Когда, сопровождаемый извозчиком, я вошел с узелком и чубуками, в шинели, надетой в рукава, в мое новое жилище, кровать уже была на своем месте: в левом углу, образуемом стеною, противуположною окнам, и тою, в которой находился известный шкаф. Старуха немного прихвастнула насчет ее удобства, ибо постель была такова, что на ней двое могли спать разве по очереди; зато перед нею стоял небольшой только что выскобленный стол с отверстием в боку, доказывавшим, что в столе был когда-то и ящик. Подвал, которому поутру как будто чего-то недоставало, представлял полную, совершенно оконченную картину.
Есть обстоятельства, невольно располагающие к задумчивости при всей лепи ума и беспечности характера; Новый год, день рождения, нечаянно встреченные похороны, день переезда на новую квартиру -- я знаю, что в таких случаях задумываются даже головы, которые в остальное время ни о чем совершенно не думают.

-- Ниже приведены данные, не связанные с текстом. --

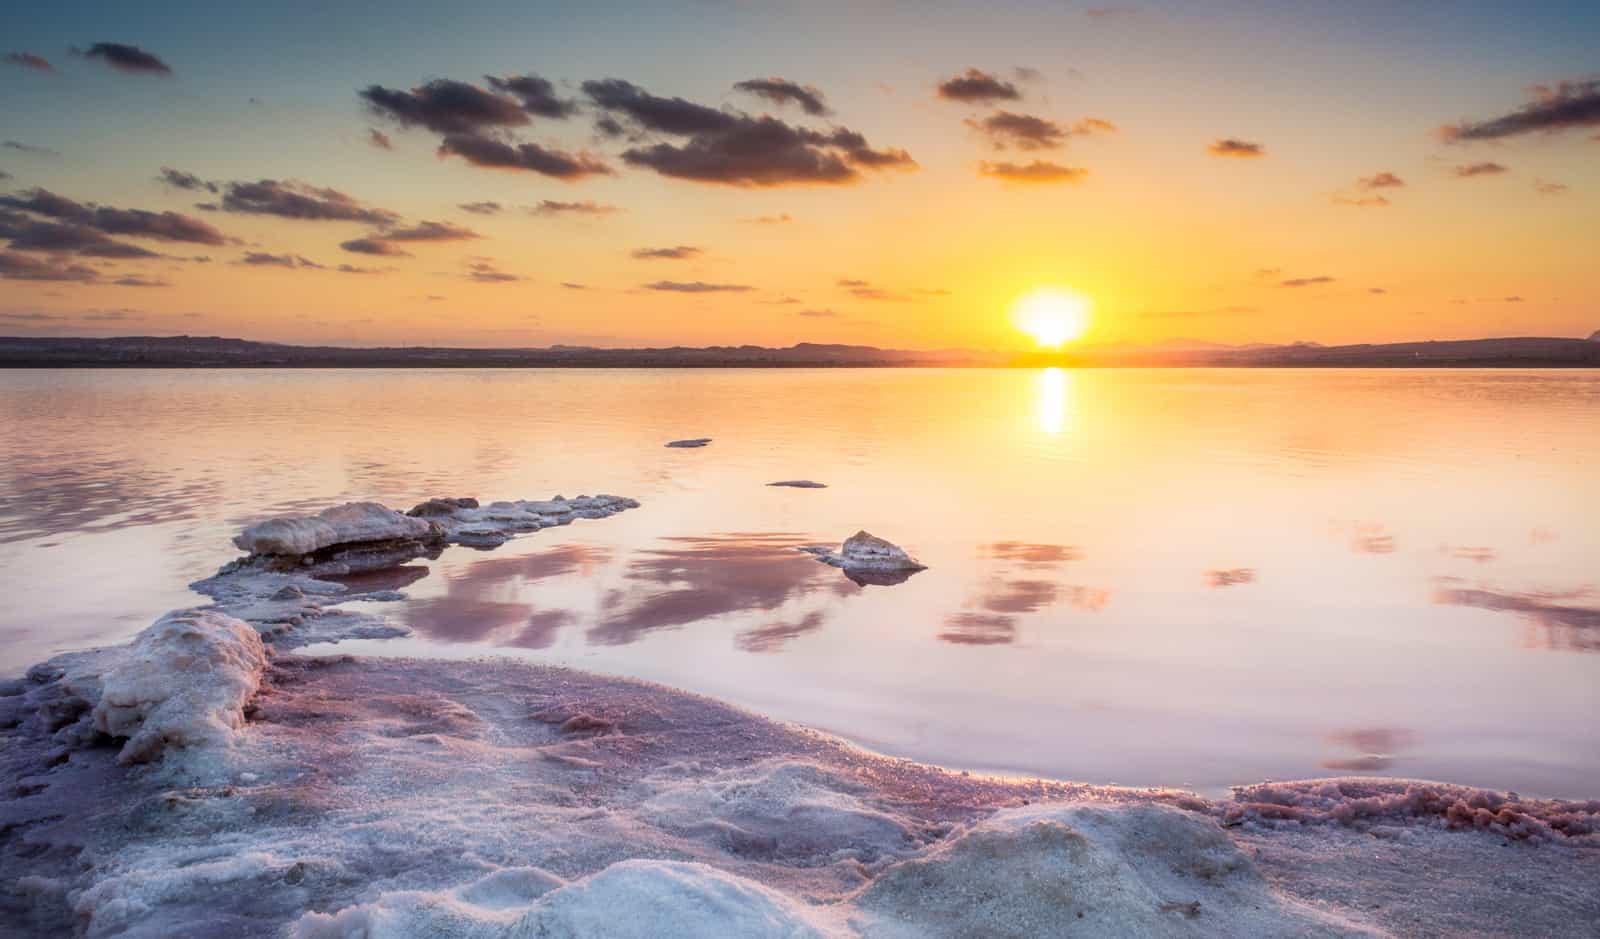 1500387219_Atardecer-sobre-playas-de-sal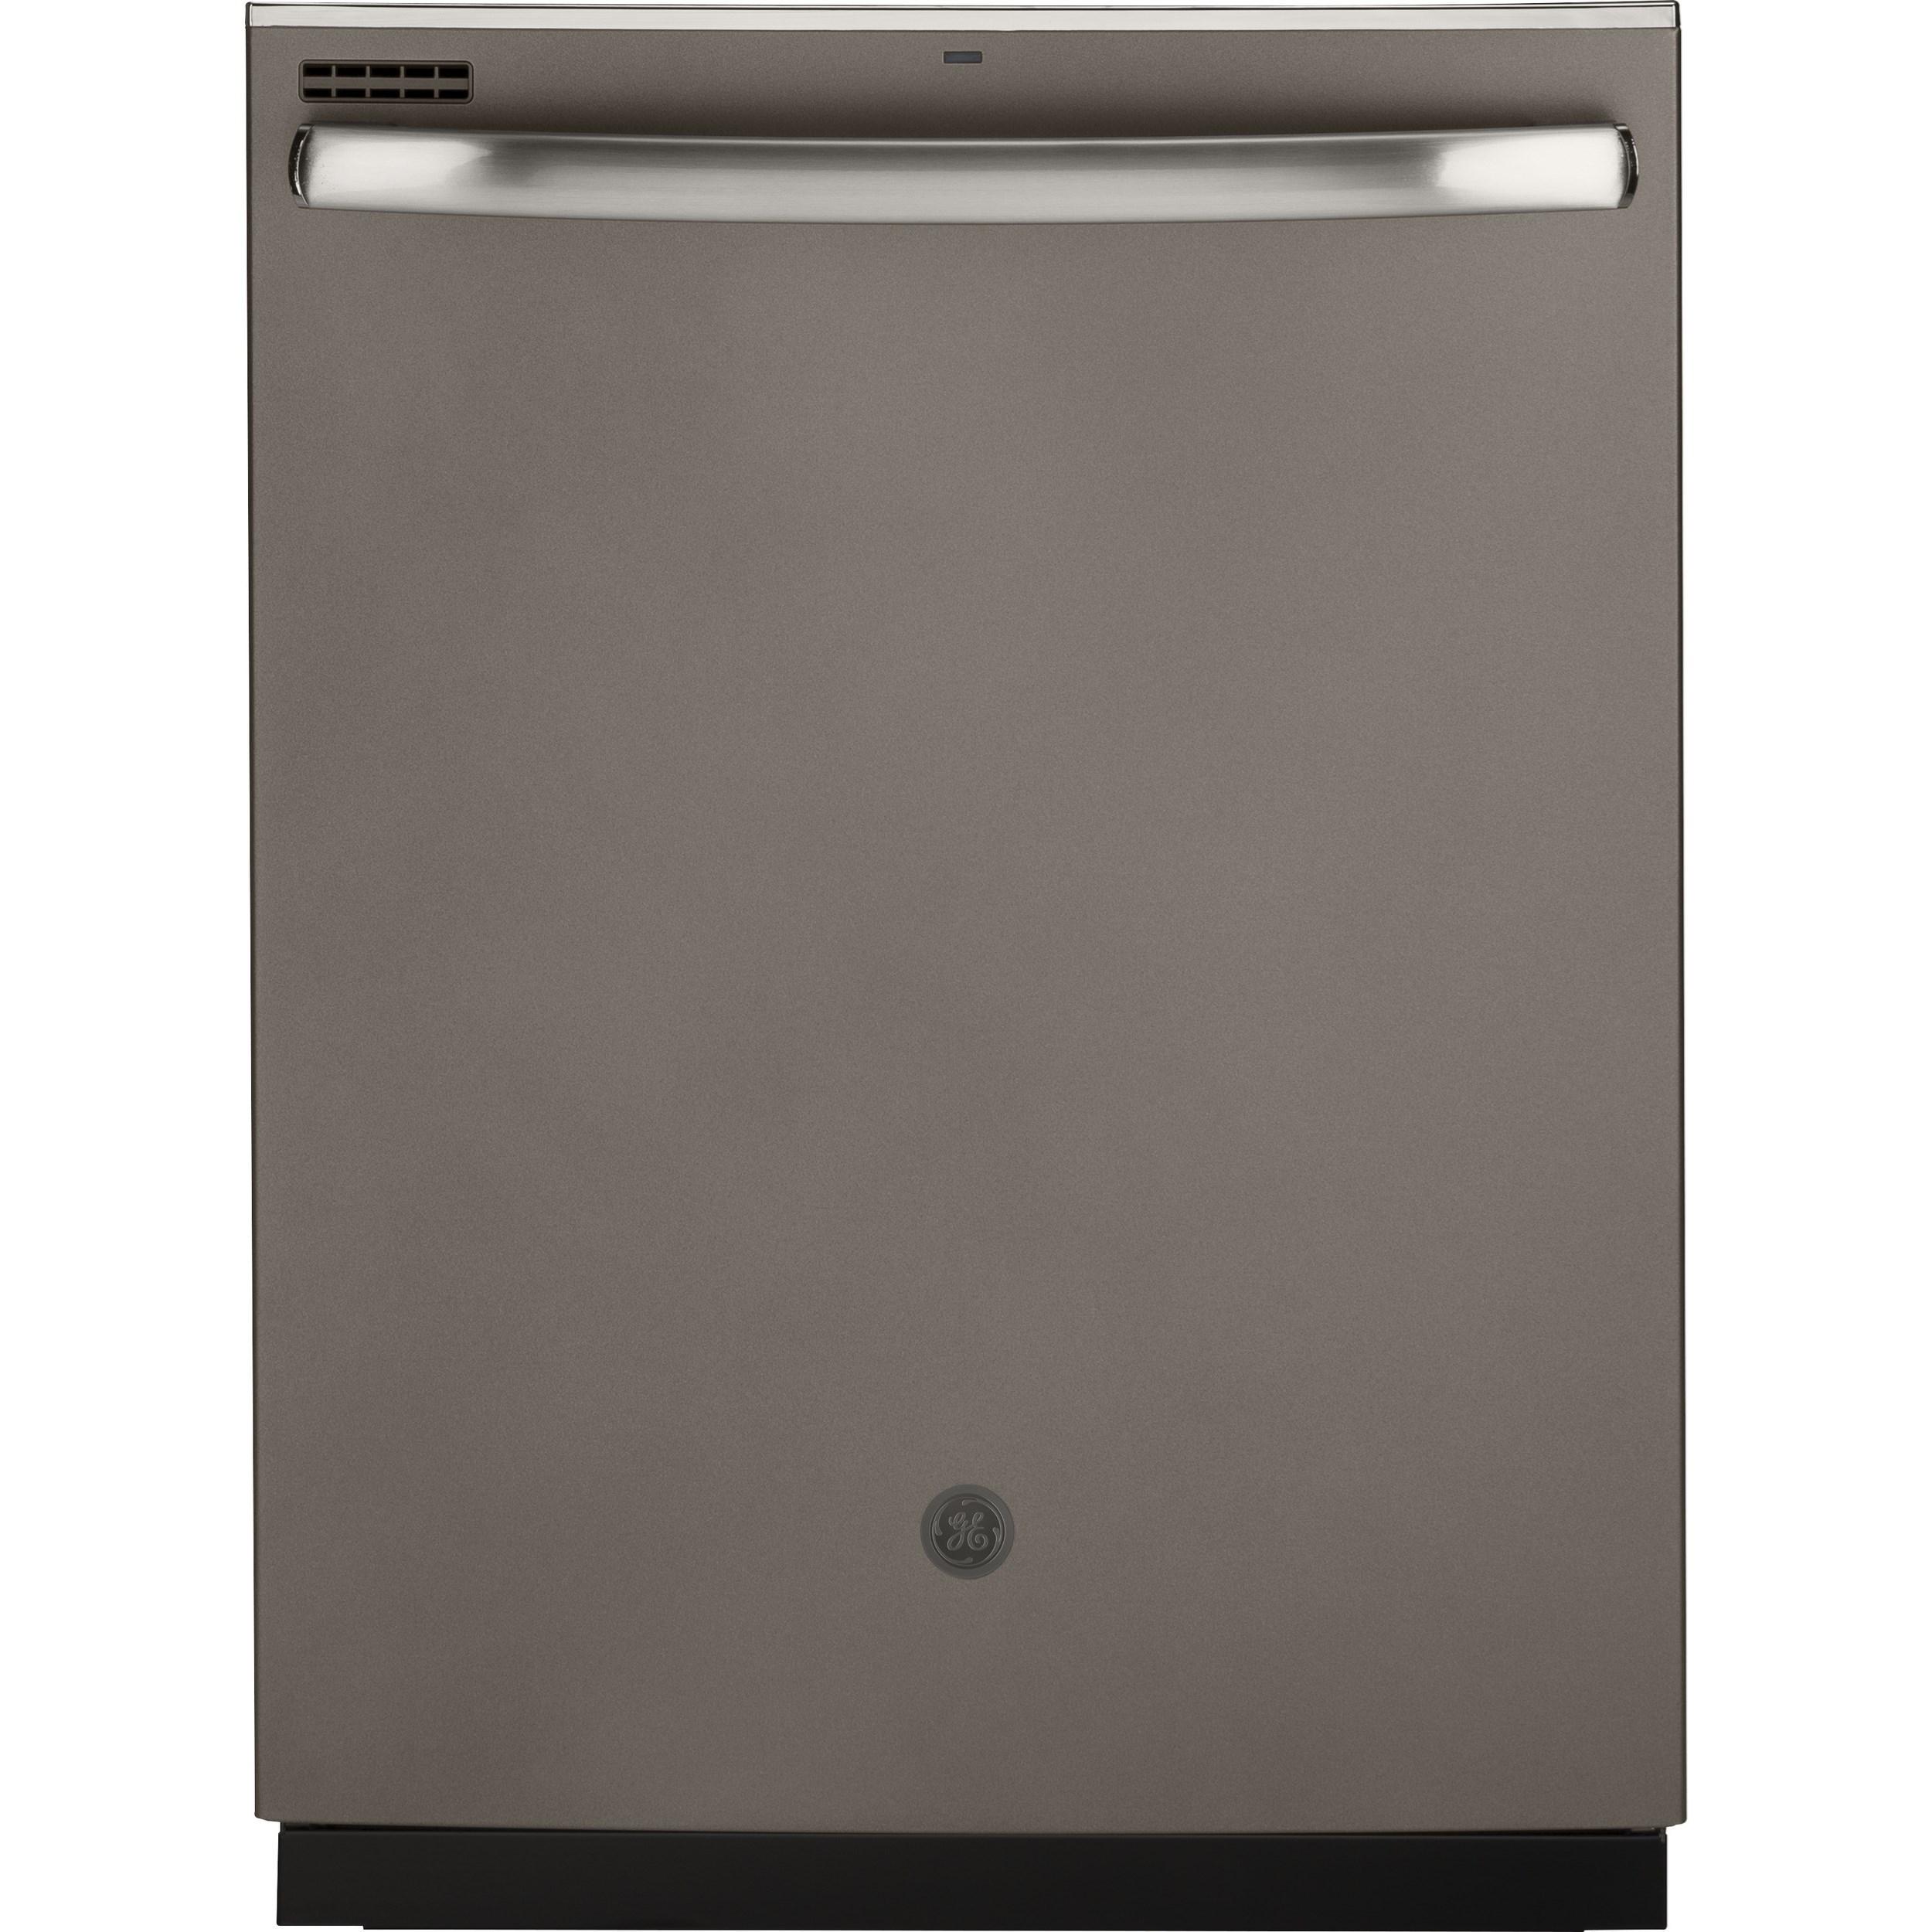 Dishwashers GE® Smart Hybrid Dishwasher by GE Appliances at Furniture and ApplianceMart

Было часов около девяти; начинались светлые петербургские летние сумерки, а в подвале становилось темно. Мухи, сбираясь роями, словно добрые пчелы, с шумом и визгливым жужжанием отправлялись к потолку для ночлега. Сверчок пел за печкой; что-то ползало у меня по лицу, что-то иголкой кололо в руку,-- я сидел неподвижно на голых досках кровати...
Дверь скрипнула, и в комнате раздались звуки, подобные звукам кастаньет.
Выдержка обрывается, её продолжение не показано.